The many decisions and details leading up to the creation of the Cayuga Park are beyond the scope of this blog entry, but soon after SLEOC ended in the last years of the 20th Century, local zoning and land use planning in Sterling took root after Cayuga County mapped the forests and wetlands in Cayuga Park, and the State Office of Parks, Recreation, and Historic Preservation purchased conservation easements on those same properties. In one huge, visionary step, the Town of Sterling entered into a regional planning partnership with Cayuga County and a State agency. This means that local planning and zoning is still fairly young in Sterling. But where it is youthful, it is also rapidly gaining experience and expertise.
The Town’s Council, Planning Board, and Zoning Board of Appeals are doing a commendable job coordinating many voices in this process.  Please note, however, that State law has not been standing still since New York towns like Sterling got into the planning and zoning game. Following New York State law, in 2005 Cayuga County adopted “Intermunicipal Review of Local Land Use Actions” by establishing a 239 Review Committee, so–called because it follows Sections 239-l, 239-m, and 239-n of New York’s General Municipal Law. When the quarry developers asked for a use variance to begin mining along Sterling Creek, the Town had to notify the County of the application. The County’s 239 Committee identified many safety and neighborhood quality-of-life concerns, and has recommended the Town of Sterling not approve the sand and gravel mine.
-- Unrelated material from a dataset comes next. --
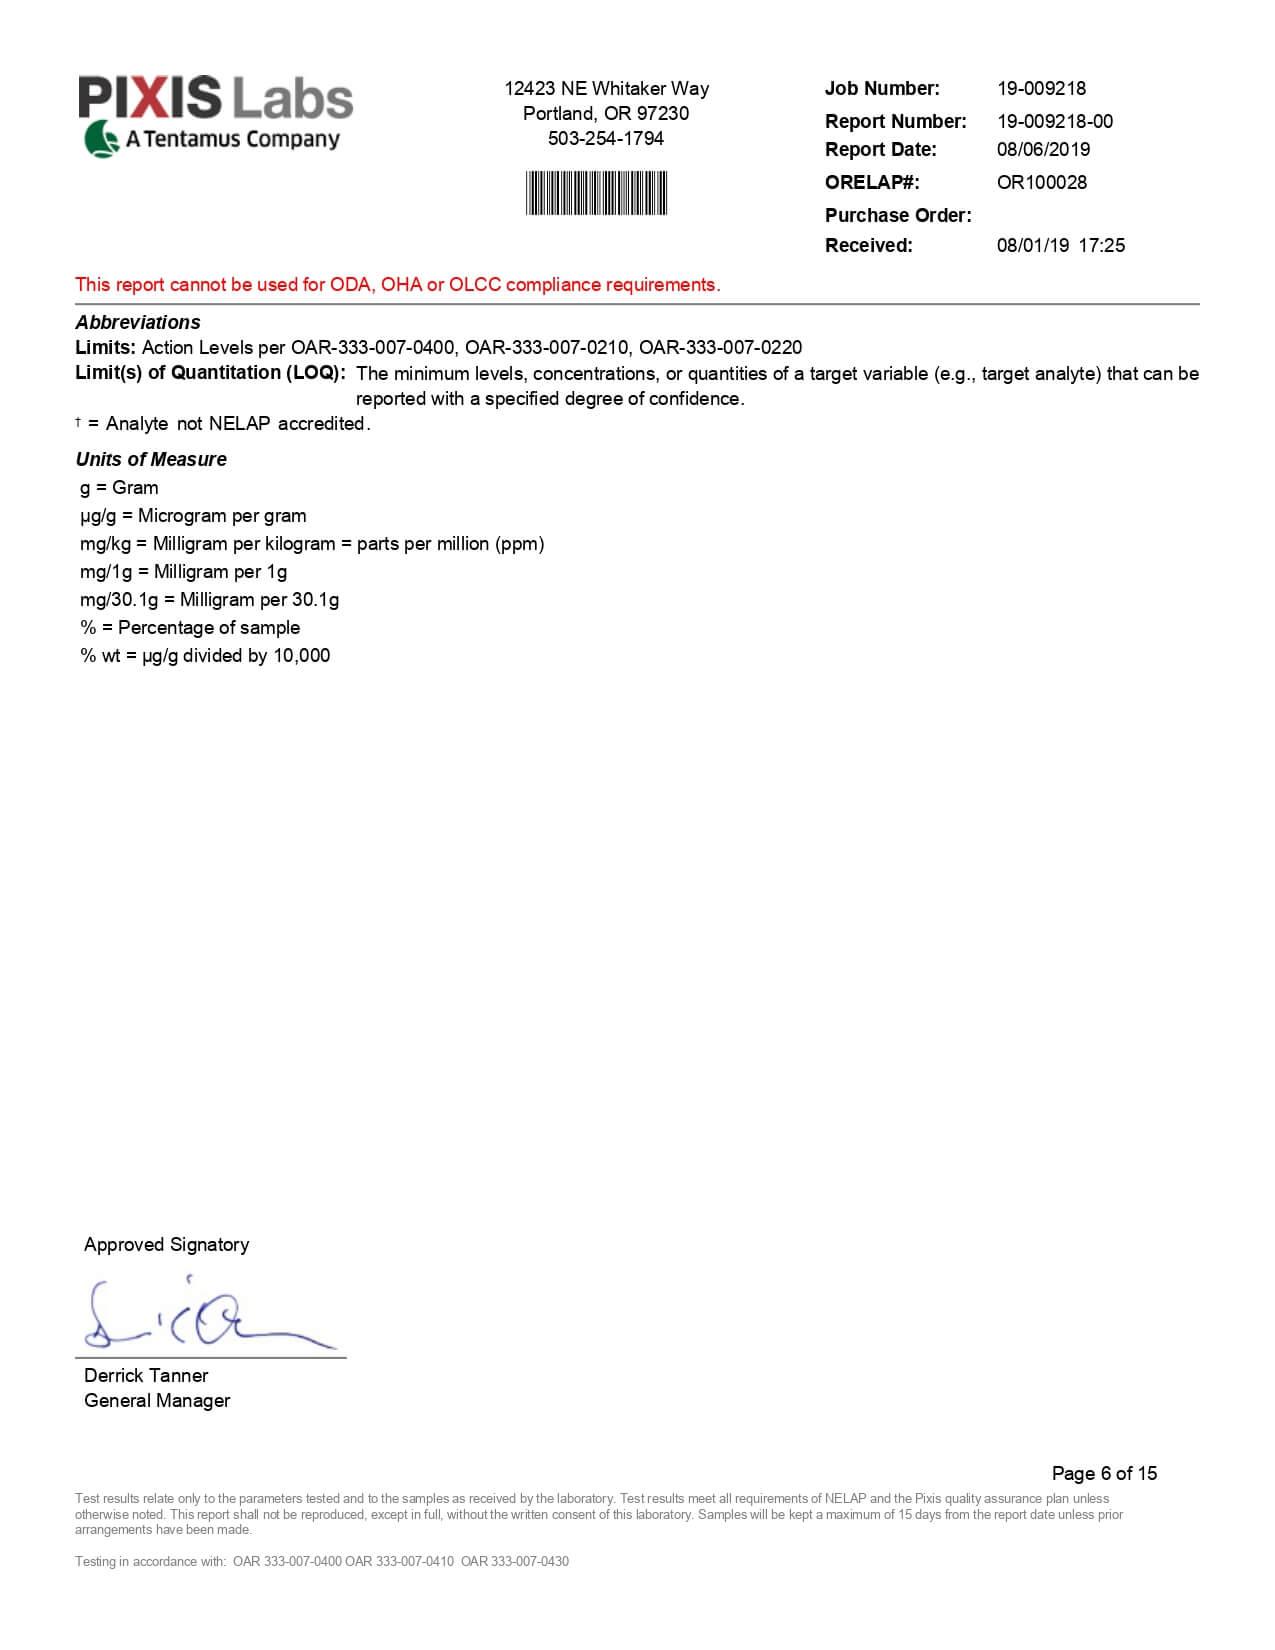 Social CBD Isolate Drops Lavender 500mg Lab Report

But the County’s 239 Committee did not say the Sterling Creek’s water quality or wetlands were in danger from quarry development. They may have missed something:  if the mine’s development plan is updated to correct an apparent intention to build in the wetland, and if the operators follows the plan approved by the NYS Department of Conservation – the lead agency spearheading the permit review process – the wetlands should be protected.


But Town and County officials must be confident the project will not take place in the wetland before the project is given final approval.
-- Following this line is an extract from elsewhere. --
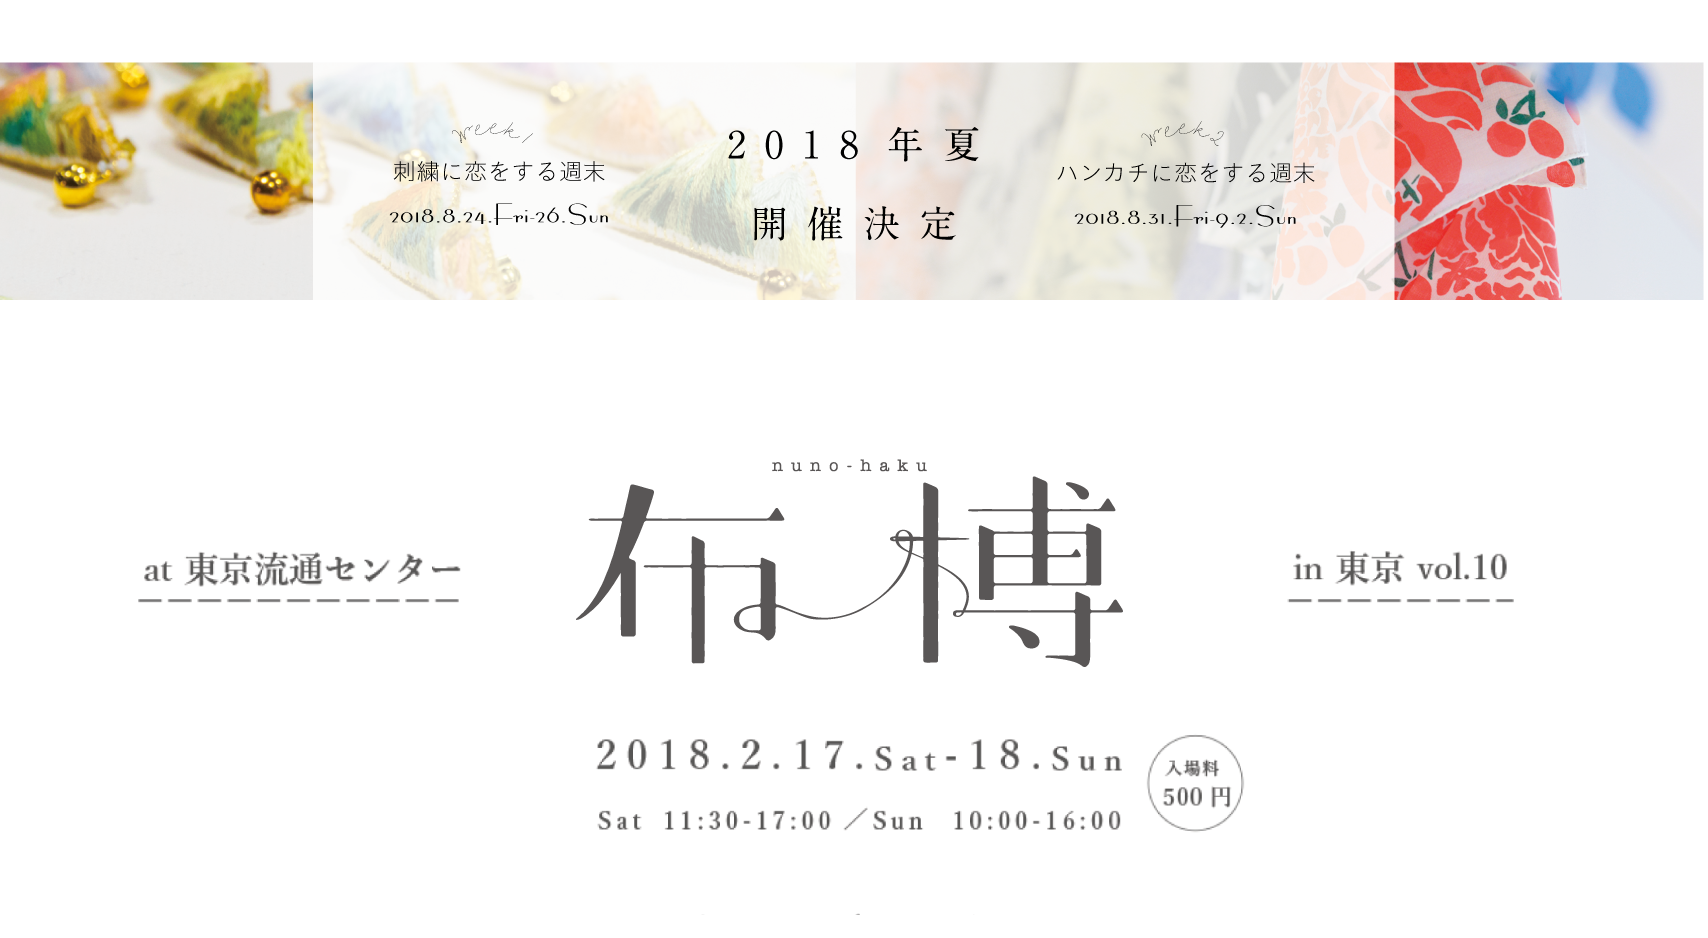 布博 in 東京 vol.10

Lake Law began in the Ice Age, but the geographic and cultural power of Lake Ontario on our land and lives endures. Sterling residents may have the political clout of wetland law with them if they choose to delay quarry development along Sterling Creek, but the apparent extension of the mine footprint into the Sterling Creek wetlands is probably just a cartographic oversight.  Regardless, it must be corrected; hence the notion of delay.  However, local residents and officials have a right to oppose – and possibly stop the quarry project – it if they agree with the County’s recommendations.  Quarries do create noise, dust, and often impact nearby wells.  Happiness, quality of life, peace and quiet: they all matter.

If the developers change their map to prove they will not mine in the wetland I myself will not oppose the project; that removes it from regional impact.  But are road hazards, noise, and dust really only local neighborhood concerns?  In a matter of hours, the Town of Sterling zoning and planning boards will consider the variance requested to quarry sand and gravel alongside Sterling Creek. But here in Lake Country, the Creek and the sky belongs to the Lake. All the land, the plants and animals’ lives – and ours too – belongs right here in Sterling, on the Lake.  The mystery and majesty of the Lake County landscape is what brings and keeps us here, and the Lake Law that made and keeps it so is the force within it.  Looked at in this way, our path this Spring is not crooked or zigzag: our responsibility to the Lake, the Lake’s Land, and the quality of our neighbors’ lives is as easy to see and read as the Lake’s sky.